Purpose: : Candidate and genome-wide association studies have identified genes associated with the risk of diabetes mellitus (type 2) that are related to pancreatic beta-cell dysfunction. Long-standing hyperglycemia then causes diabetic retinopathy through vascular mechanisms. Experimental and clinical research has identified an impairment of retinal ganglion cells in diabetes that may be independent of vascular factors. Based on our previous work on WFS1/wolframin in retinal neurons (Exp. Eye Res. 89: 568, 2009), it was hypothesized that diabetes risk genes expressed in the retina may directly affect metabolism of retinal neurons. Consequently, expression of diabetes risk genes in the retina was explored in silico using public databases.

Methods: : Diabetes risk genes (n=133) were compiled from the literature, reviews and HuGE database. Monogenic disorders with diabetes were included (OMIM). Expression in the retina was explored through EYESAGE (NEIBank) by using the number of hits for WFS1 as reference. Neuronal expression was estimated by using mRNA hybridization maps of the mouse brain (Allen Brain Atlas-ABA).

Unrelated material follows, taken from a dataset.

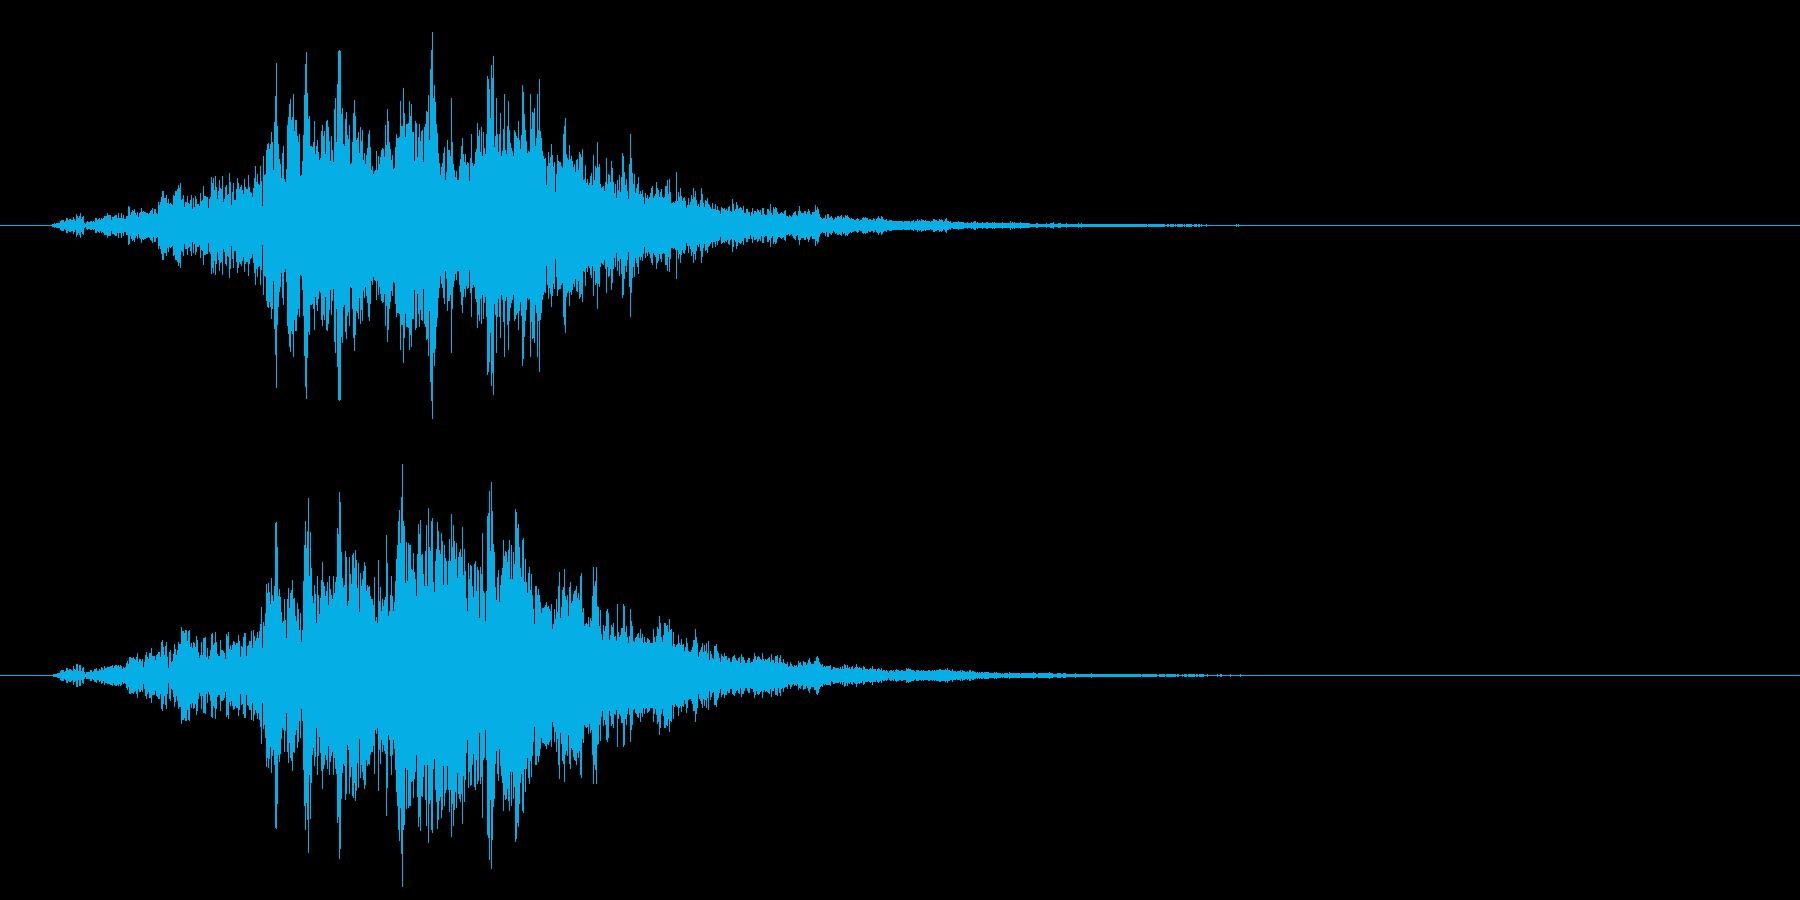 古いパソコンの起動音風ジングル4の再生済みの波形

Results: : Retinal expression signals were found for n=27 (20%) of diabetes risk genes using EYESAGE. In addition to WFS1, neuronal expression was found for n=18 of these in the ABA, i.e. ADAMTS9, BSCL2, EIF2AK3, EXT2, FABP2, FTO, FXN, GRB10, IRS1, IRS2, LMNA, NEUROD1, NRF1, PAX6, PCSK1, PIK3R1, RAPGEF1, and TSPAN8. Seven of these genes entered the analysis through a monogenic disorder with diabetes.

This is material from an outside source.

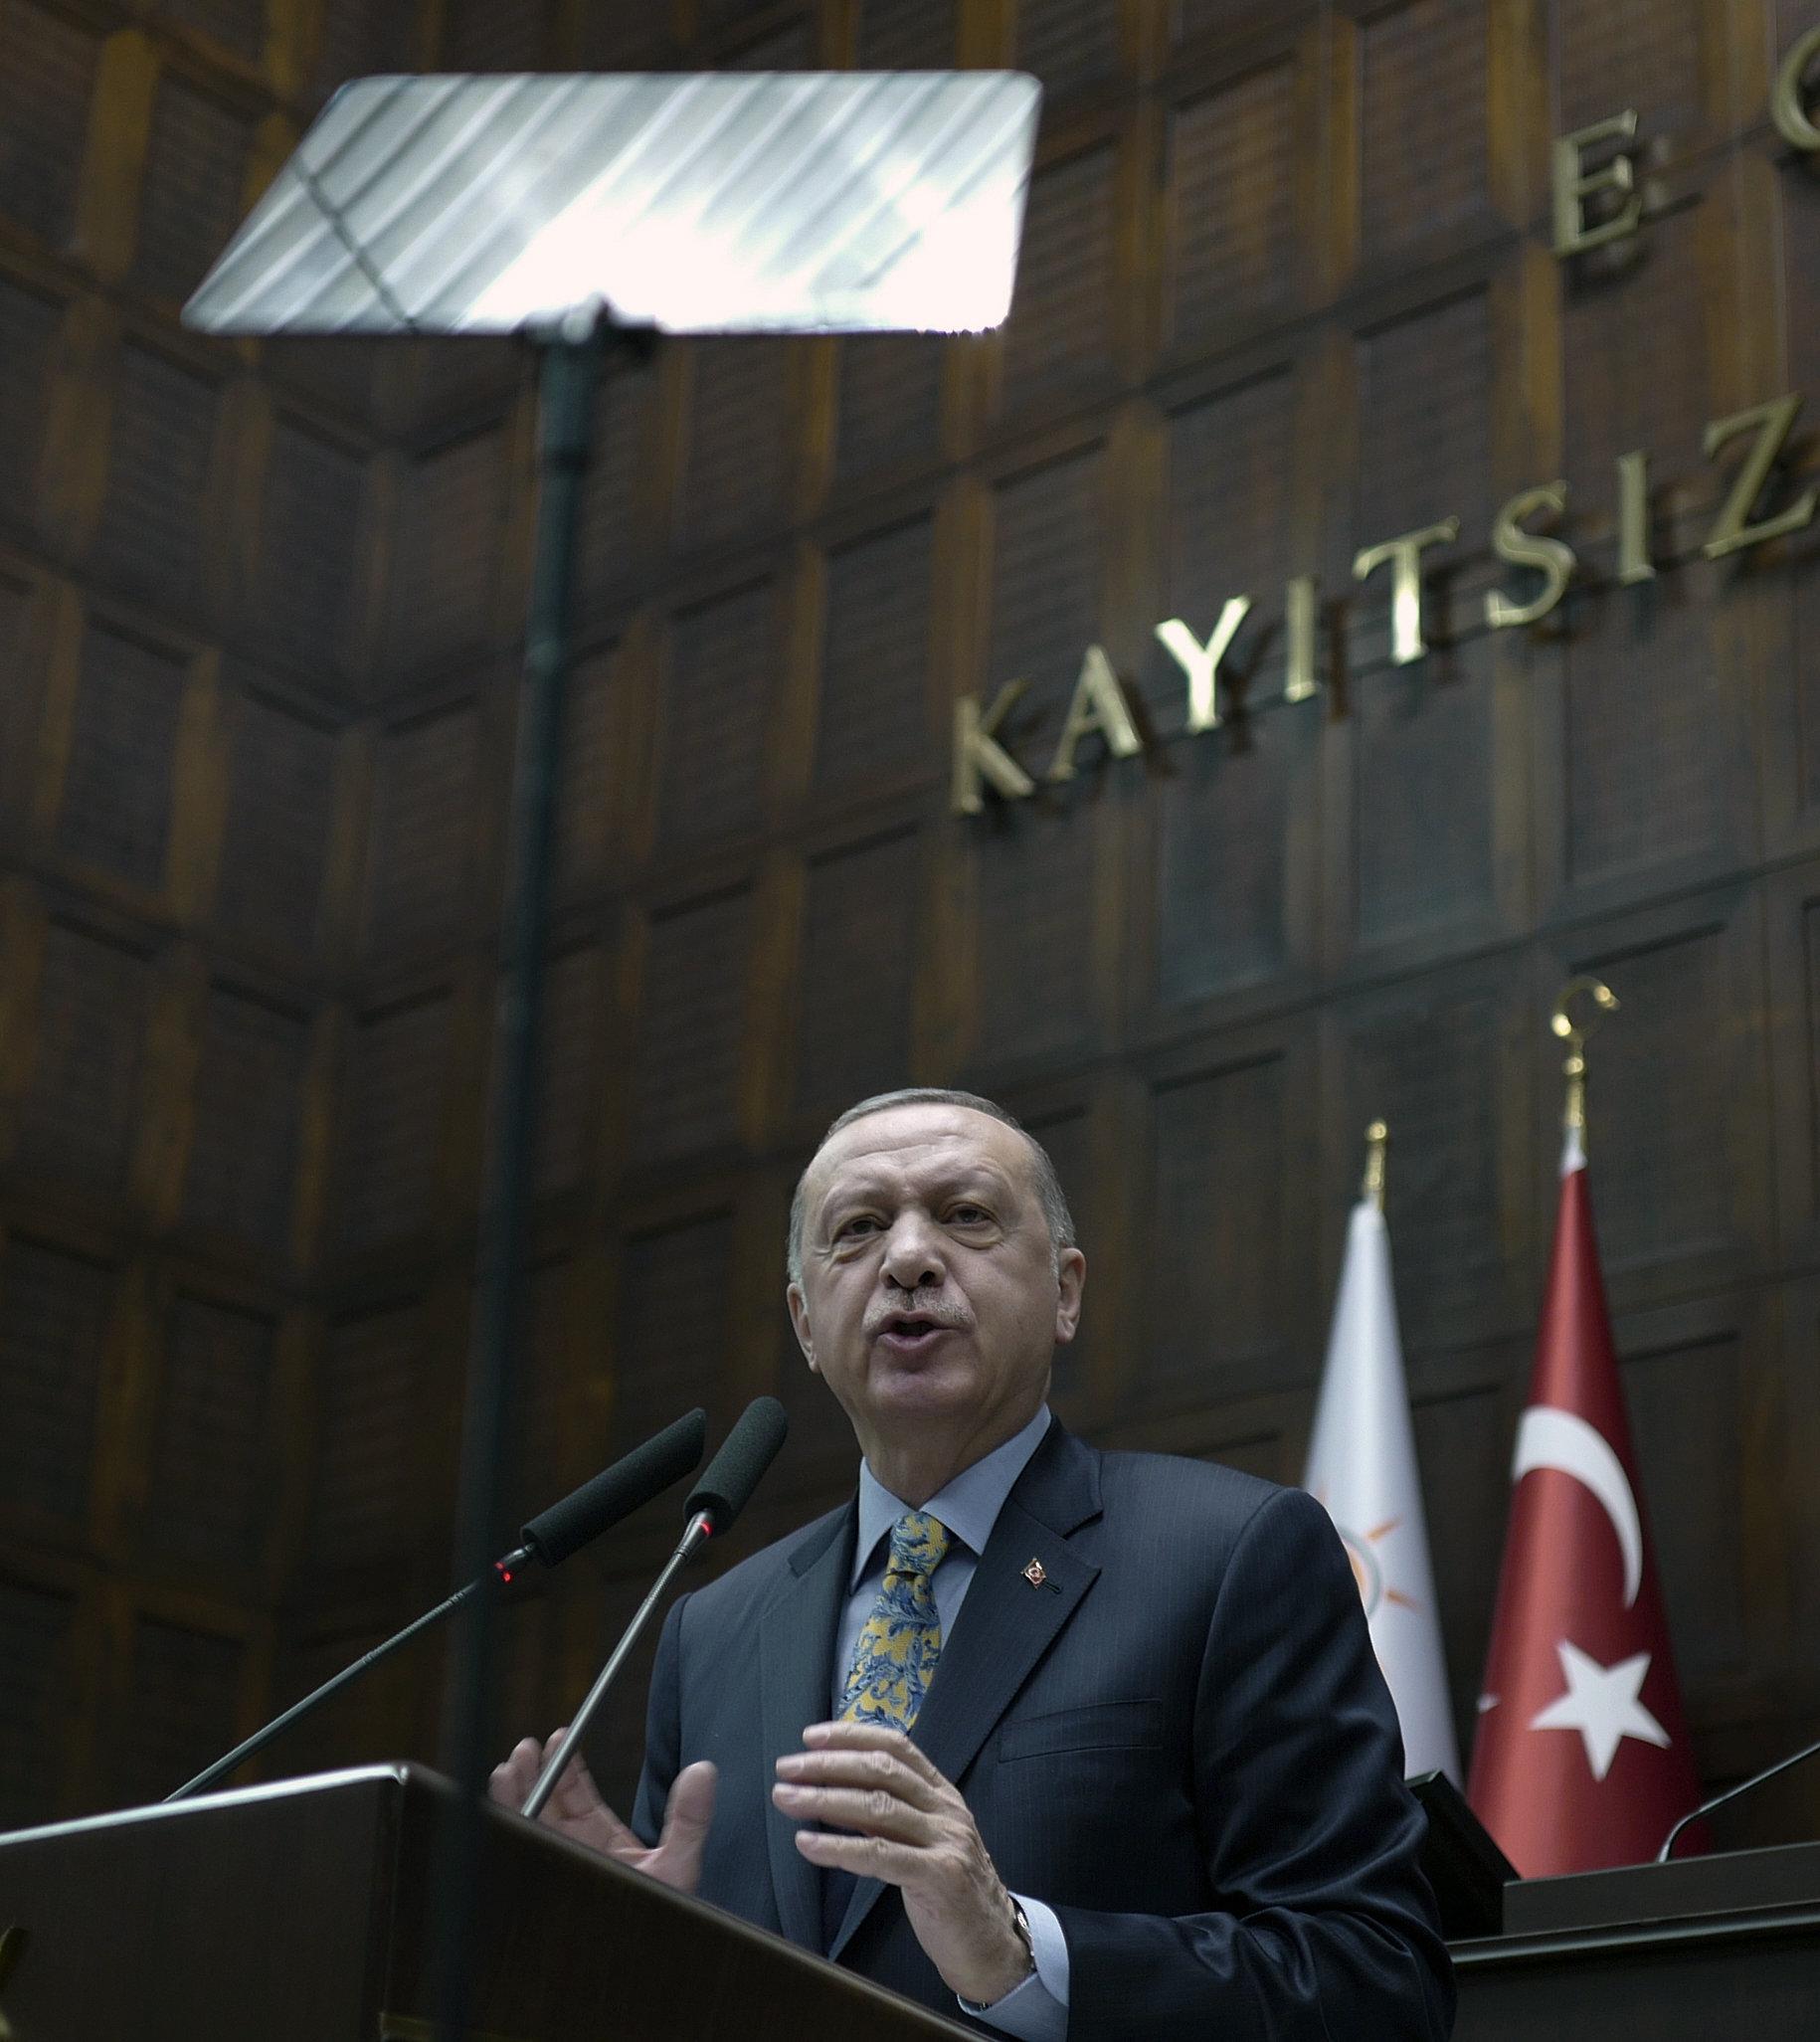 Ερντογάν: Η Τουρκία θα αναλάβει πρωτοβουλίες που θα εγγυηθούν την εδαφική ακεραιότητα της

Conclusions: : The present in silico analysis indicates that several diabetes risk genes are expressed in the retina which may be in retinal neurons. It remains to be studied whether the same splice variants are expressed in retina and pancreatic beta-cells. Functional studies of the retina expressing variants of diabetes risk genes may clarify whether intrinsic neuronal mechanisms contribute to diabetic retinopathy. SNPs in WFS1 reproducibly associated with the risk of type 2 diabetes could be a starting point for such an analysis, because pathogenic mutations of WFS1 cause retinal degeneration and optic atrophy.